Baltimore Sun

Rufus M.G. Williams, retired businessma­n

- — Frederick N. Rasmussen

Rufus M.G. Williams, a retired Baltimore businessma­n and pilot, died Sunday from heart failure at his Glyndon home. He was 87.

Rufus MacQ. Gibbs Williams was the son of Robert Wood Williams, a maritime attorney and first chairman of the Maryland Port Authority, and Helen MacQueen Gibbs Williams.

Mr. Williams was born in Baltimore and raised on Wendover Road in Guilford. He attended the Gilman School and graduated in 1949 from the Hotchkiss School in Lakeville, Conn. He received a bachelor’s degree in 1955 from the University of Virginia.
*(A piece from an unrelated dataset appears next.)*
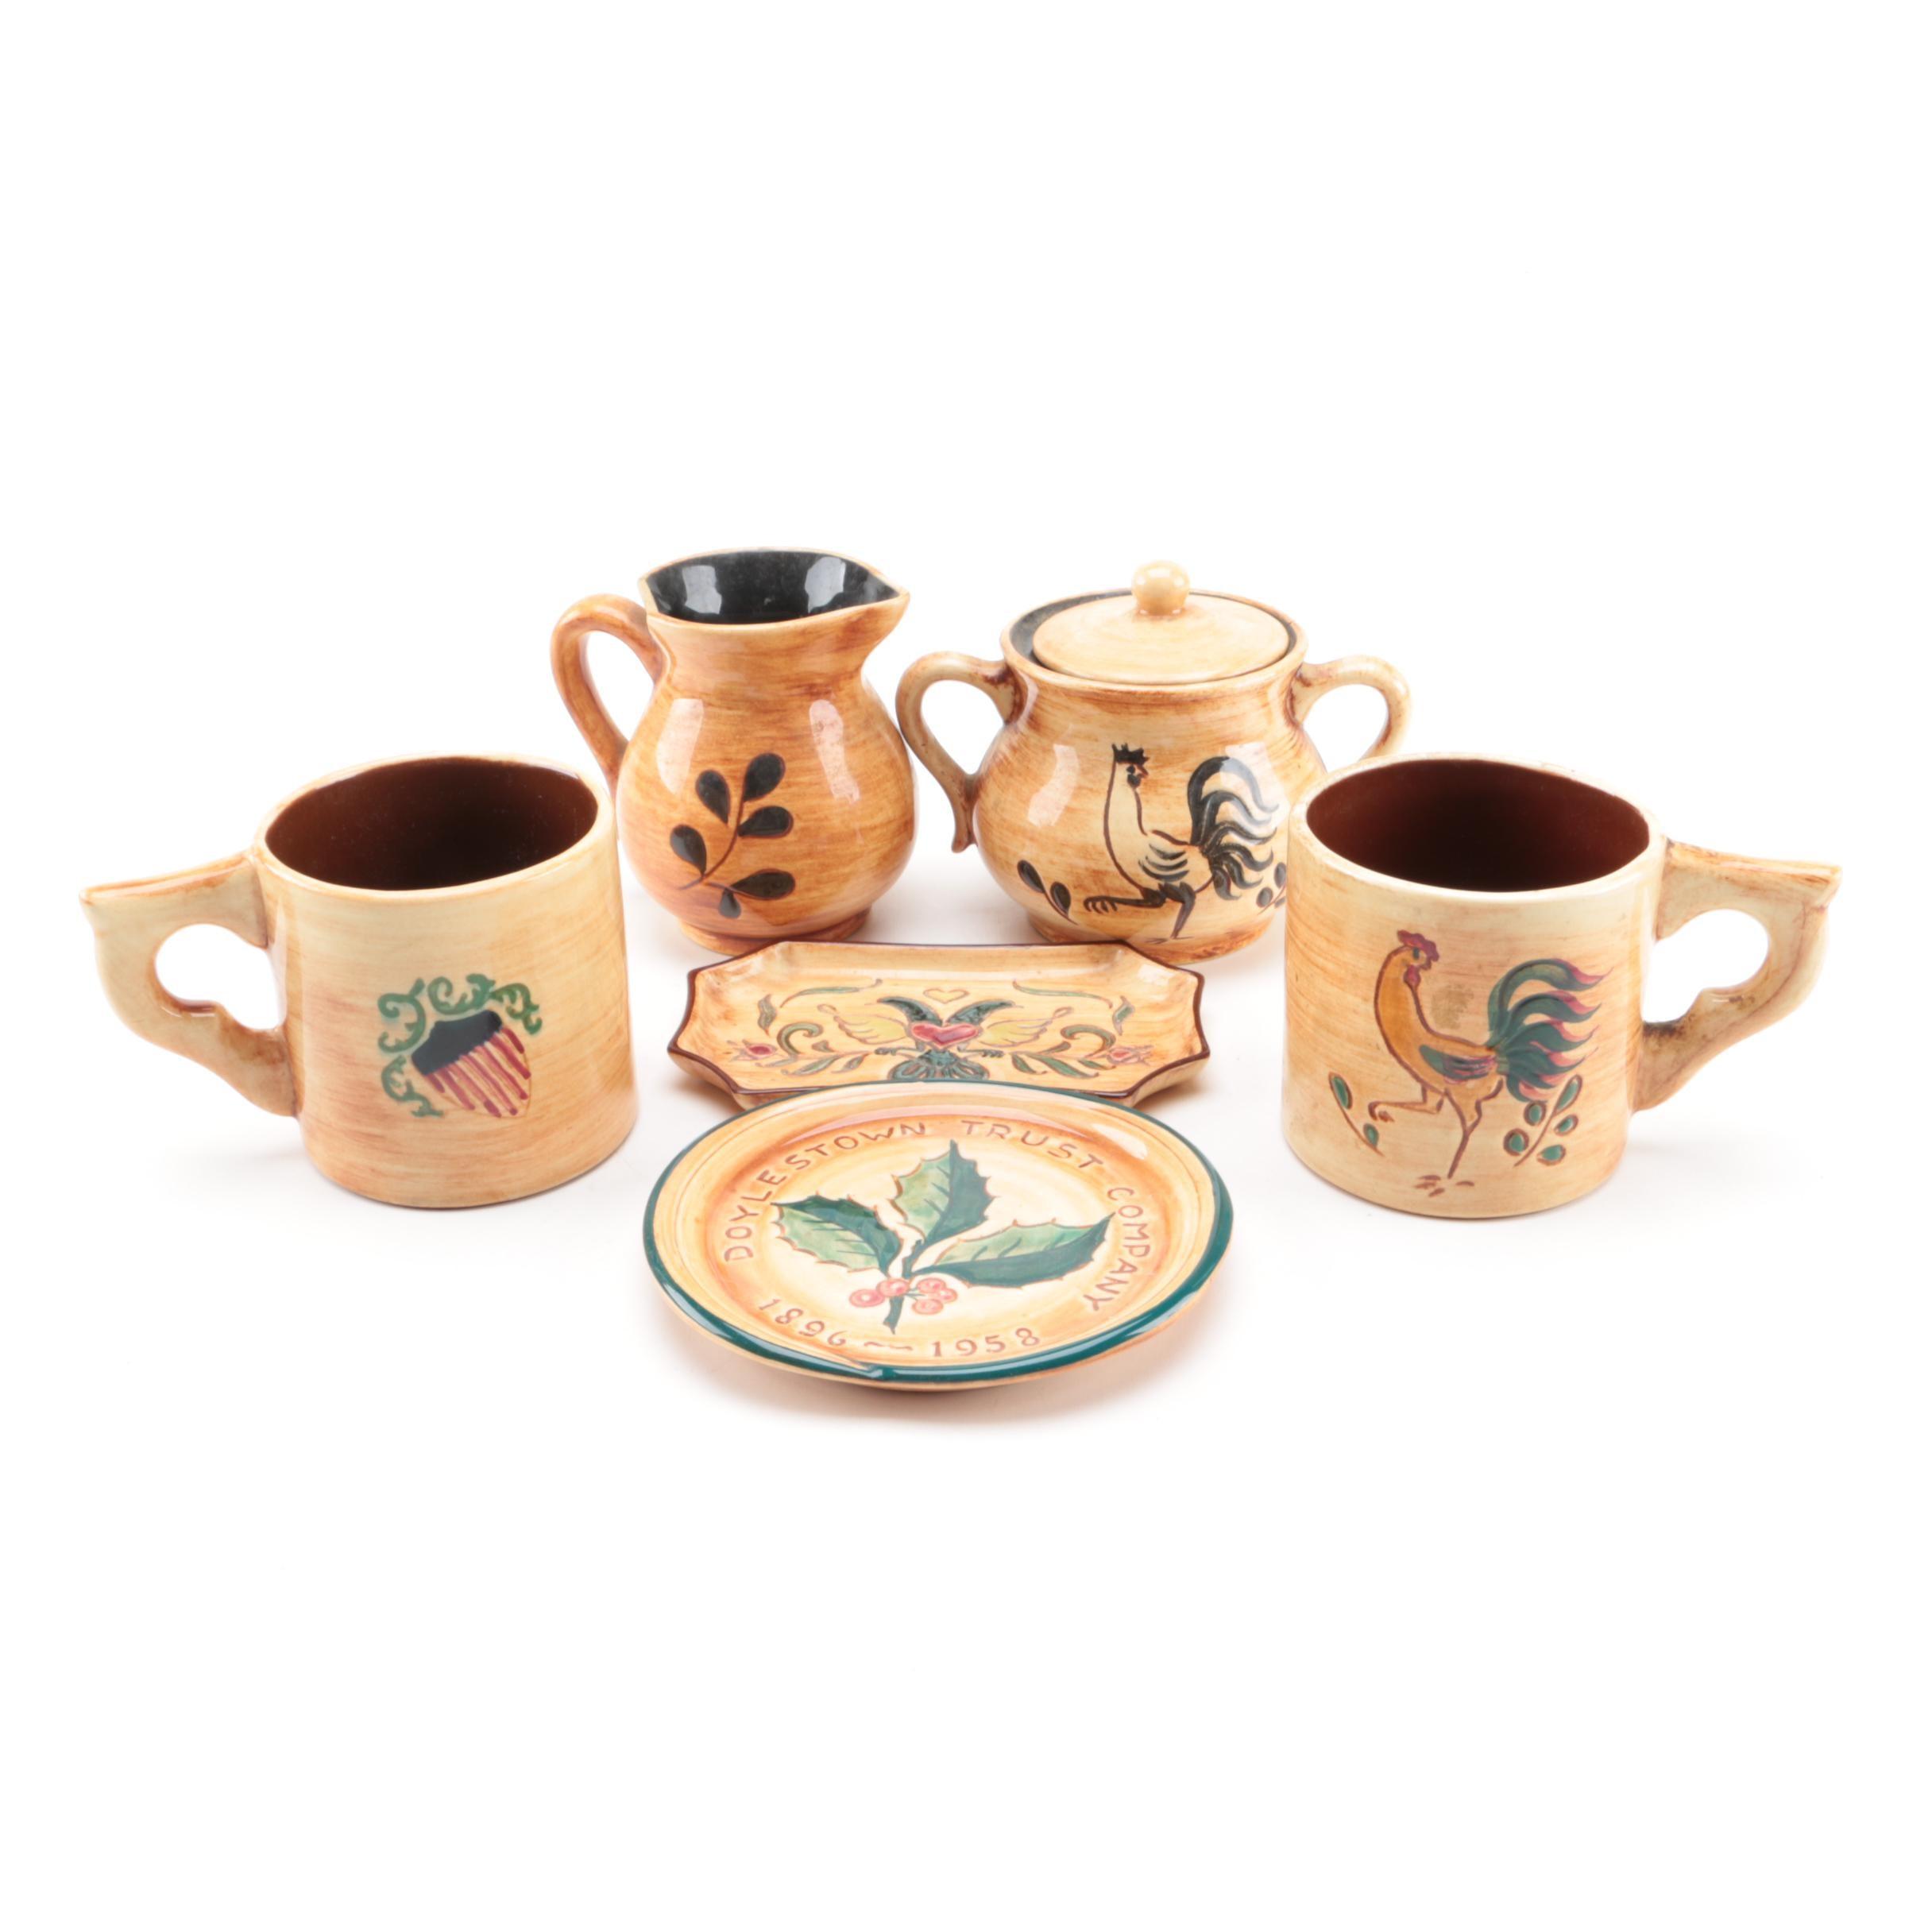 Pennsbury Pottery Tableware

He began his business career at the old Robert Garrett and Sons, Baltimore investment bankers, and later joined Davison Chemical Co., a division of W.R. Grace & Co.

In the early 1970s, Mr. Williams purchased the J.S. Young Co. in Canton. The Boston Street firm began producing licorice in 1869, and also manufactur­ed dyes and tanning extracts. He sold the business in the 1980s and retired.

Mr. Williams, who had earned a pilot’s license, was in a partnershi­p that owned a single-engine Beechcraft Bonanza and a twin-engine Beechcraft Baron.

He enjoyed playing golf, tennis, hunting, sailing and skiing.

He was a summer resident of Northeast Harbor, Maine, and a member of the Northeast Harbor Golf Club, the Northeast Harbor Fleet and the Northeast Harbor Tennis Club. He was also a member of the U.S. Senior Golf Associatio­n.

Mr. Williams was a longtime member of the Maryland, Elkridge and Green Spring Valley hunt clubs.

He was a communican­t of St. John’s Episcopal Church Western Run Parish in Reistersto­wn, where a celebratio­n of life service was held Thursday.

He is survived by his wife of 61 years, the former Sheila Janney; two sons, Rufus M.G. Williams Jr. of Camden, Maine, and Richard Janney Williams of Mount Pleasant, S.C.; two daughters, Barbara W. Horneffer of Butler and Sheila W. Fisher of Monkton; and six grandchild­ren.